The gff format is wrong?

Open xiekunwhy opened this issue 2 years ago • 14 comments

Expected Behavior

Out put a correct(common) gff file like here https://m.ensembl.org/info/website/upload/gff3.html.

Current Behavior

  1. The 2nd column of gff file is annotation source, and the 3rd column is feature type, so I think the gff format of metaeuk results is wrong.
  2. There are repeat id(s) in the 9th column, it's better to make some modification to avoid because many gff tools do not accept duplicate gene ID.

Best, Kun

xiekunwhy avatar Nov 13 '21 09:11 xiekunwhy

Thank you very much for pointing out both issues. Indeed, the order was wrong and is now fixed (2e4ecd3). As for the identifiers, the exon number was added to exon/CDS lines to create a unique identifier. The following should be unique: For a gene: TCS_ID=protein_acc|contig_acc|strand For an mRNA: TCS_ID=protein_acc|contig_acc|strand_mRNA For an exon: TCS_ID=protein_acc|contig_acc|strand_exon_id For a CDS: TCS_ID=protein_acc|contig_acc|strand_CDS_id

elileka avatar Nov 13 '21 20:11 elileka

Thank you for your reply, and I have an other question. Is it possible to keep one hit(maybe the best one) per target protein? Best, Kun

xiekunwhy avatar Nov 27 '21 05:11 xiekunwhy

Let me see if I understand your question. Say you have a target protein T and three contigs C1, C2 and C3. MetaEuk will report up to six^ results for T, one for each contig and strand. You would like to see the best result over ALL contigs?

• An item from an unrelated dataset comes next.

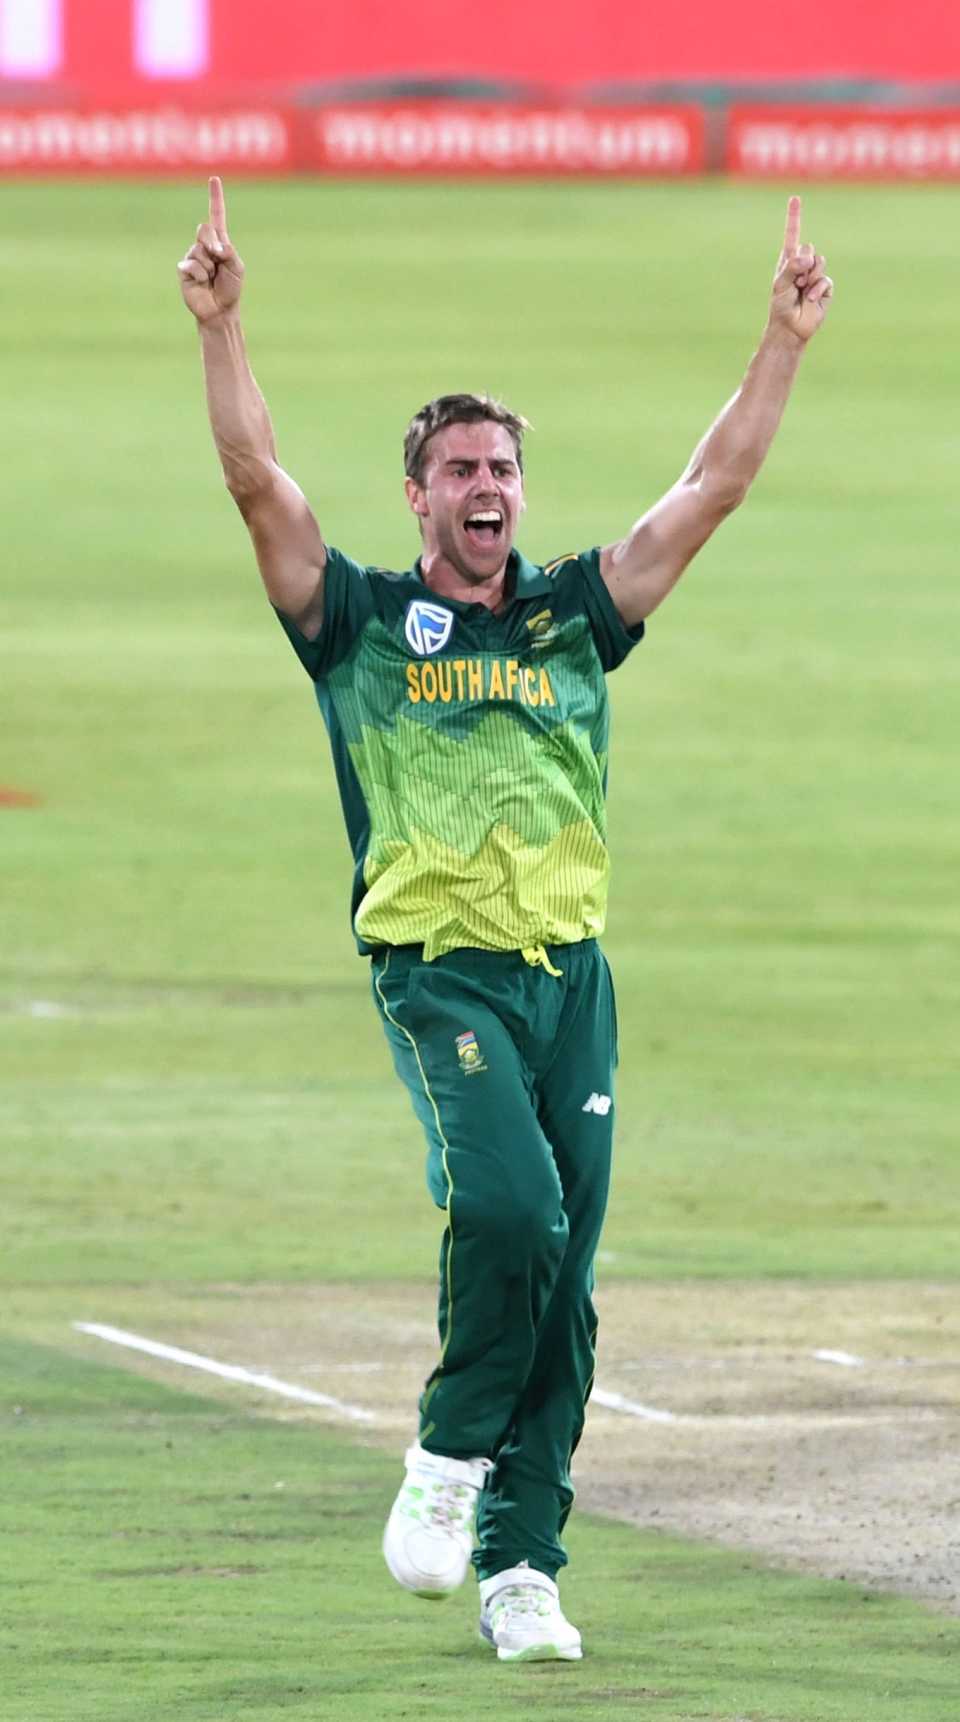 Anrich Nortje has shown that he is a wicket-taking option even when conditions don't suit him

If so, the answer is that the easiest way to obtain that is to write a script that filters the results, based on the E-value or bitscore. A simple awk (or any other language) can do that (we can assist with the command, if needed).

Assuming you are looking at the GFF output, then you will need to parse the last field and for all lines that have the same Target_ID=protein_acc and type 'gene' and keep the line with the highest bitscore (sixth field).

If I didn't get your question, please let me know.

^comment: We have recently extended MetaEuk to allow finding more than one hit per contig and strand, but that's a different topic and the default setting is still the same as described above.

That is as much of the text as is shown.